If there’s any kind of authority on who you are, it’s probably the guy who made you. He knows you inside and out. He knows who you’re attracted to. He knows your hopes and dreams. He knows the number of hairs on your head. He’s the only guy who’s been in the room with you (in your head, even), during every moment of your life. Heck, He probably knows you even better than you do (especially if you’re confused about who you are)!!
I believe God defines me. So I cling not to my feelings, but rather my identity according to the guy who made me, the guy who makes the rules about me. In college, there were times when I dwelt on lustful thoughts I should not have dwelt on about others in my life. There were times when I really envied people who had embraced a gay lifestyle, when I wanted nothing more than to identify with them. I know what it’s like to feel judged by Christians. I know what it’s like. Maybe not quite like others, but I know how much of a struggle it can be. Even now, I occasionally struggle with same-sex attraction. But now that I know who I am… I always have that identity to go back on. It’s not just lust. It’s not just emotional dependency. It’s not just genetics or past, and it’s not just choices. It’s spiritual. There is a spiritual battle for your heart. Who will win?
Long story short, Ellen Page is not gay. I am not gay. Nobody is gay. You can identify as gay. You can be attracted to the same gender, or the opposite gender, or both, or other genders.

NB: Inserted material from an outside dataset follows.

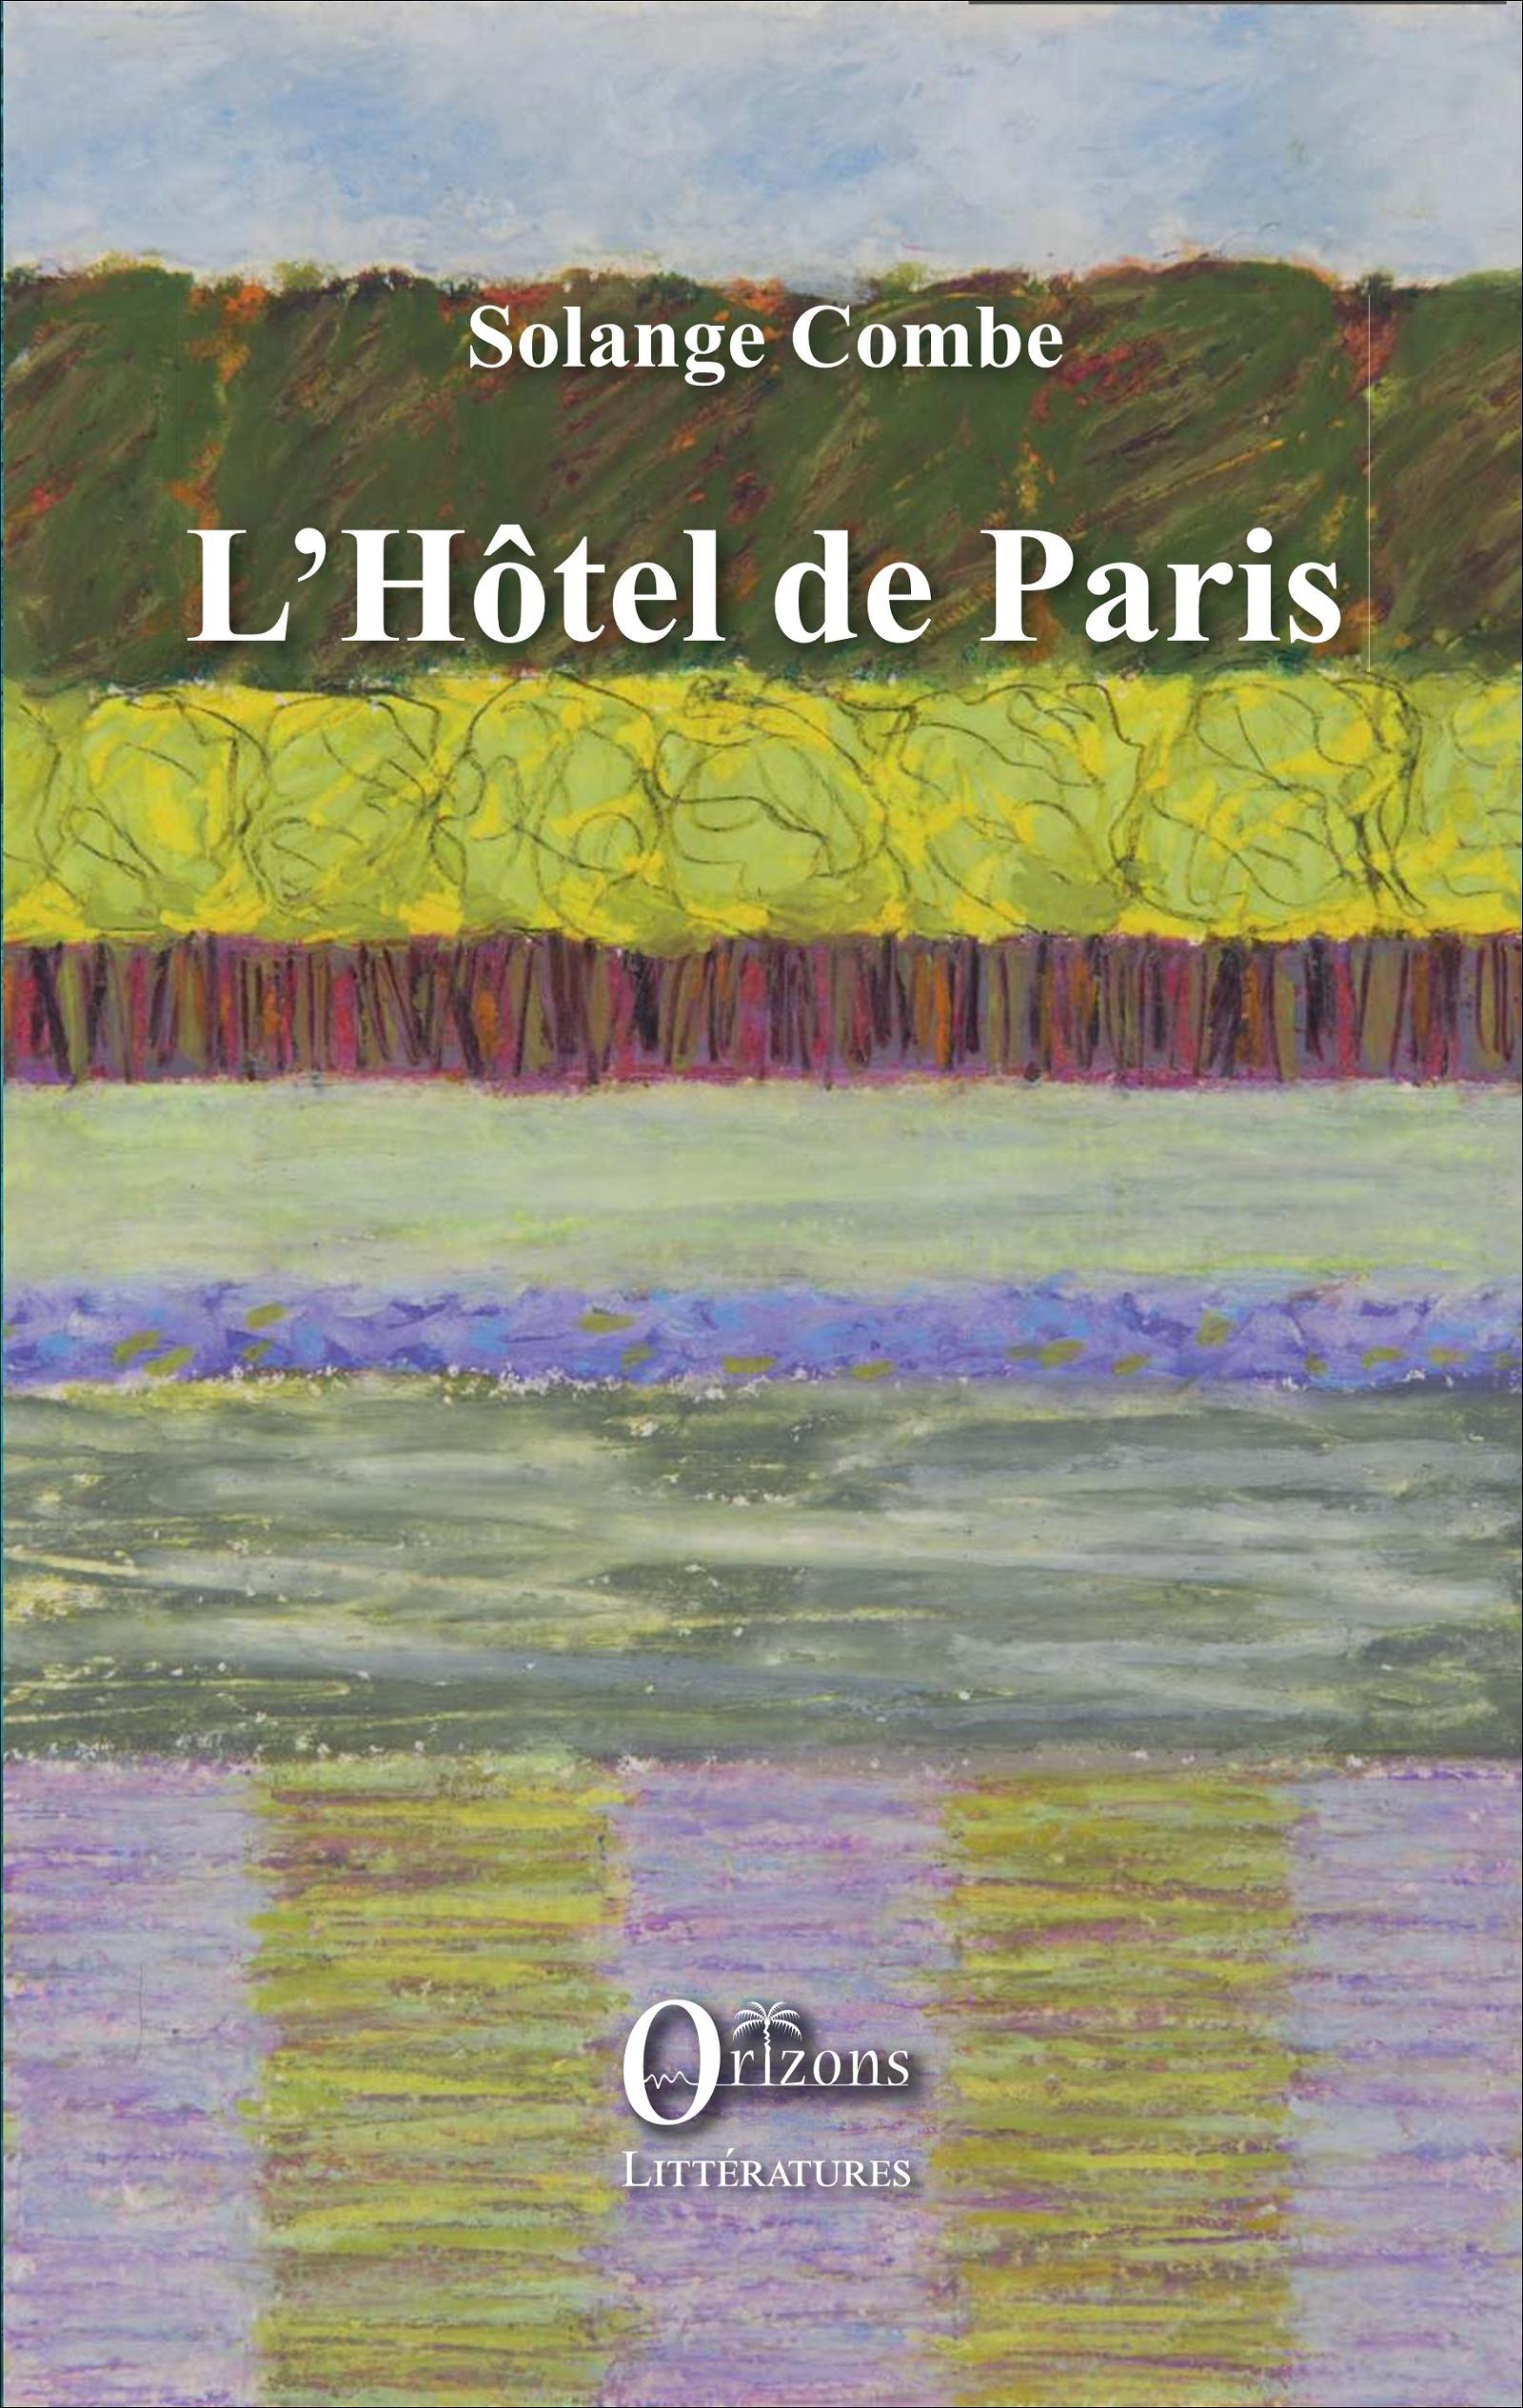 De Livre L'hôtel Solange Combe Epub Paris Ebook TwnP4Rvq

But in this world that God made, you are not gay. You are not straight. You are you, a soul, loved by God, made to represent His image in a unique way that only you can.
Ellen, if you’re reading this, or if you know at all what I’m talking about, please just do me a solid and hear me out:
You are LOVED by God, you are ACCEPTED by God, you are FORGIVEN by God, and you are KNOWN by God. You are more than the sum of your feelings. You are more than the sum of your mistakes, or even your good deeds. Your very heart is loved completely by God, and He wants you to REST in the assurance that you are SAFE with him!!! And if you give him the change, He will walk with you throughout your life, and bring you VICTORY over the confusion, the lies, the loneliness, and everything that so desperately wants to pull you away from the ONE person who can completely fulfill all of your needs, wants, and desires… and so much more.
“If you’re still in, I’m still in.”
You just call My name.
Sidenote: The blog of which I speak in this post is one of the driving reasons I started my own blog in the first place. I started this blog my freshman year of college.